Craig Brougher wrote in Digest 961219:
> The old-fashioned way of putting words on rolls [by stencil] seems to
> be, so far, the only way that anybody can do it. ... as a result, all
> the great old popular music of the teens, twenties, and thirties is
> still lost -- that is, if the words are lost.
Craig, I hear you. Fortunately, the lyrics to many songs are _not_
lost forever, thanks to continuing efforts to preserve 78-rpm recordings.
However, your point still stands: a roll without the words is incomplete.

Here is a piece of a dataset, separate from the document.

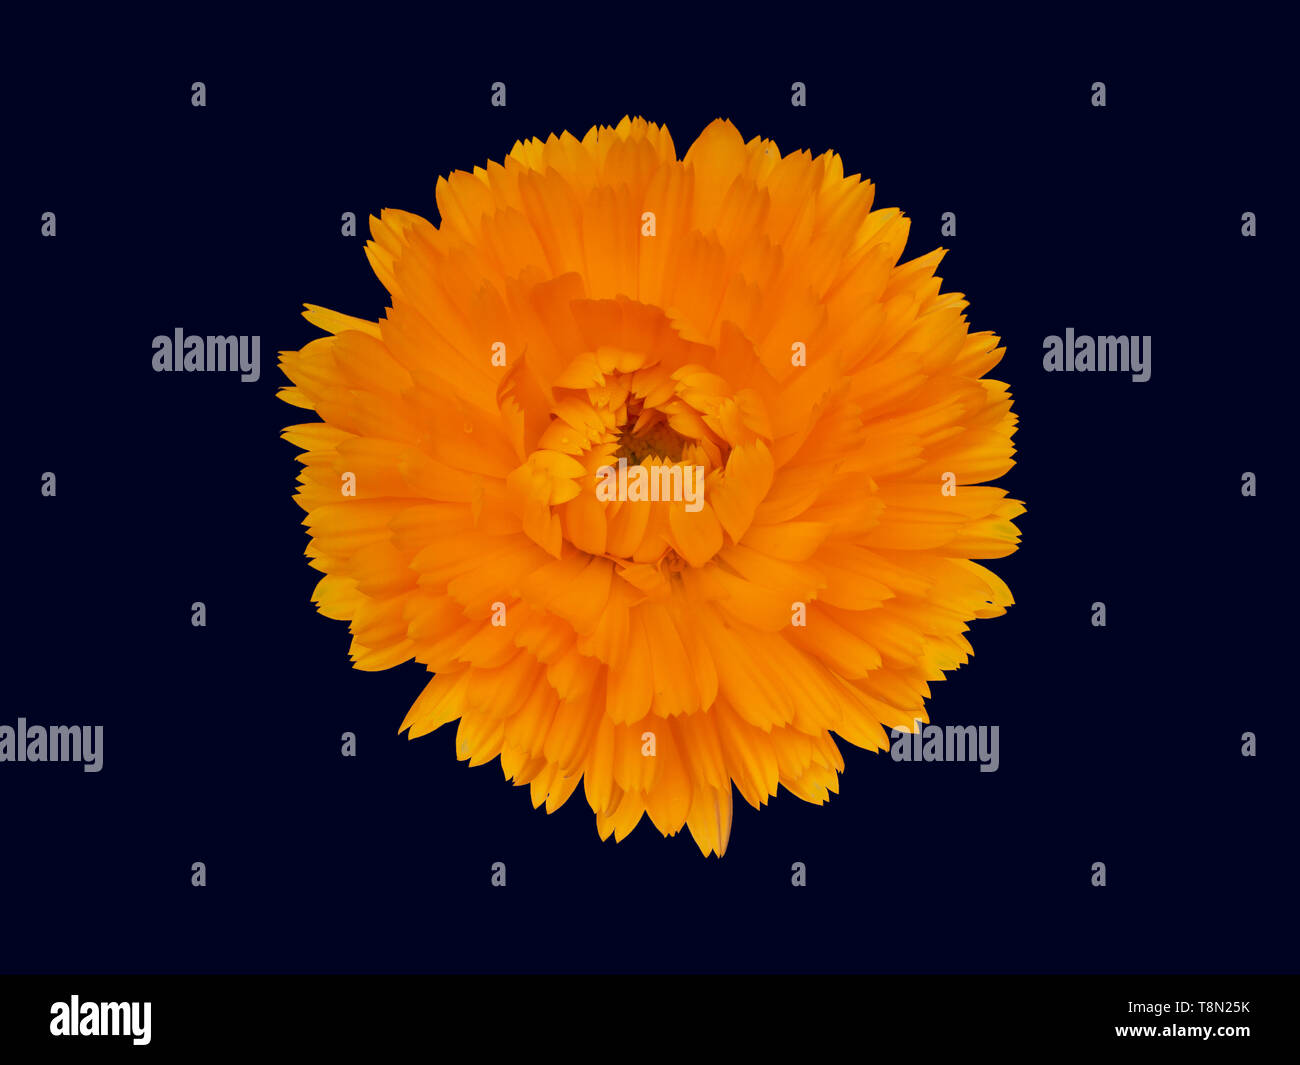 Marigold flower, Calendula officinalis, isolated on deep blue background. Edible medicinal herb. Stock Photo

(Similarly, phono recordings of automatic musical instruments
playing word rolls without a vocalist are also missing something
important. Thus, my otherwise enjoyable Biograph LP's of famous old
rolls are lacking in this regard.)
A few years ago I got a rubber-stamp set as a gift, which to me was a
solution in search of a problem. I thought of making a king-sized daisy-
wheel printer using the stamps, but I had nothing to _use_ it for, hence,
no progress. Now I realize that it could be possible to print words on
piano rolls, with the addition of a roll feed mechanism and a means of
synchronizing the roll with the printing operation (a shaft encoder on
the take-up spool, presumably).
However, this talk of waxed paper rolls is troubling. Yes, it is true,
I've never seen such a thing. I guess that means I'm rather out of touch.
Oh well, so it goes. Still, it sounds like a project worth working on,
when working on the Karn reaches a lull.